Recorded data:
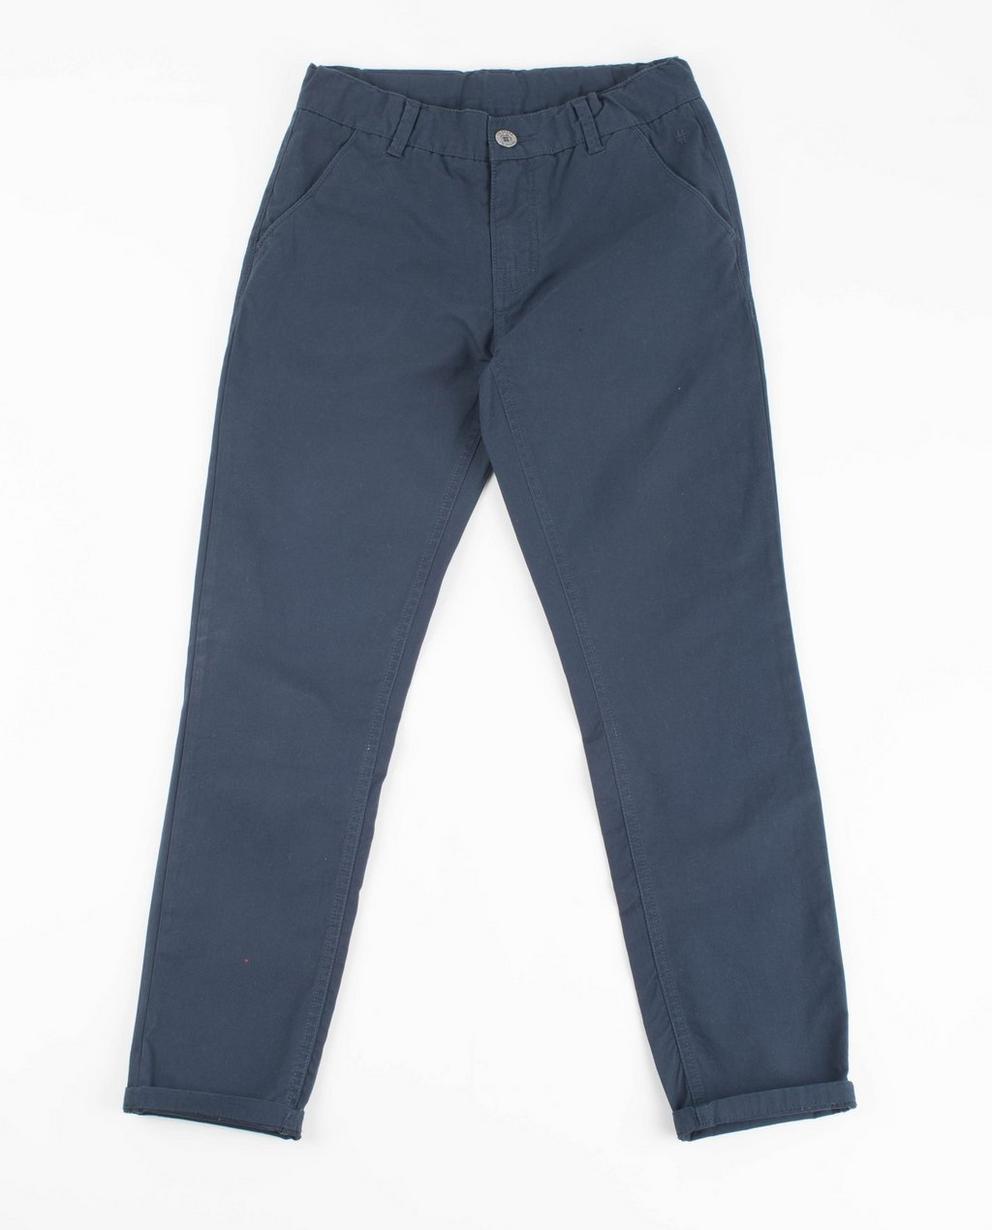 Hose aus Baumwolle - in Marineblau - JBC
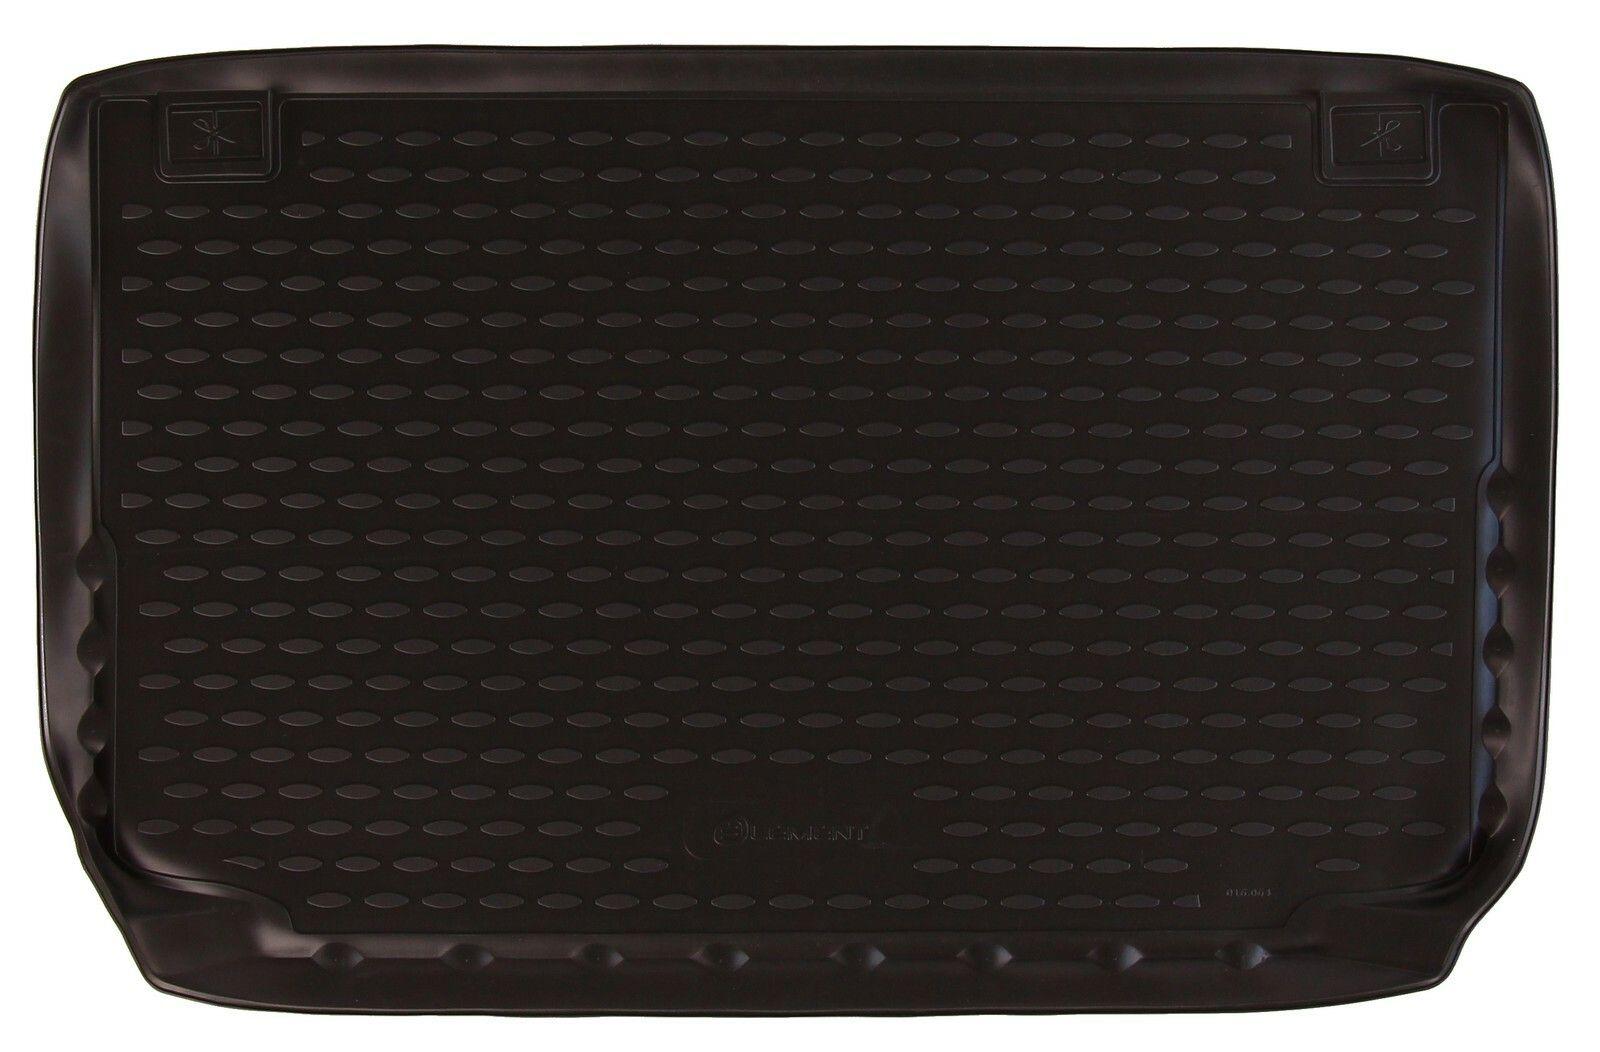 Vana do kufru gumová FORD B-max Hatchback 2012->
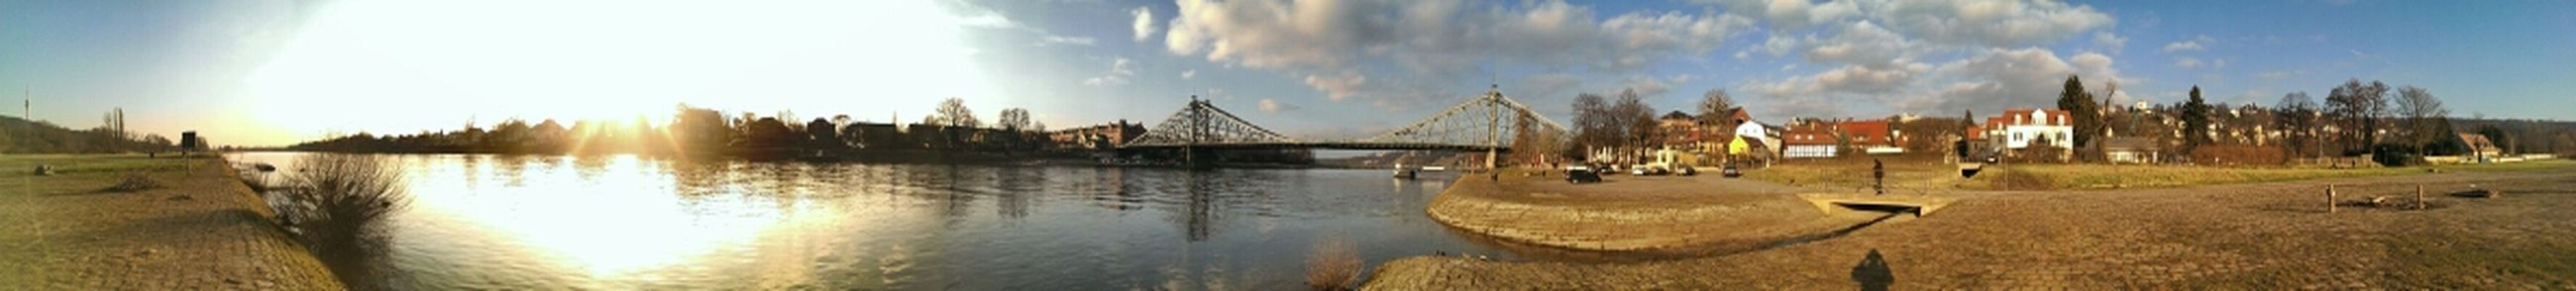 Elbe Panorama Bridge Nature_collection

Work required: Please produce an exact copy of all the material, leaving out the pictures.

Written answer:
 Hose aus Baumwolle - in Marineblau - JBC
 Vana do kufru gumová FORD B-max Hatchback 2012->
 Elbe Panorama Bridge Nature_collection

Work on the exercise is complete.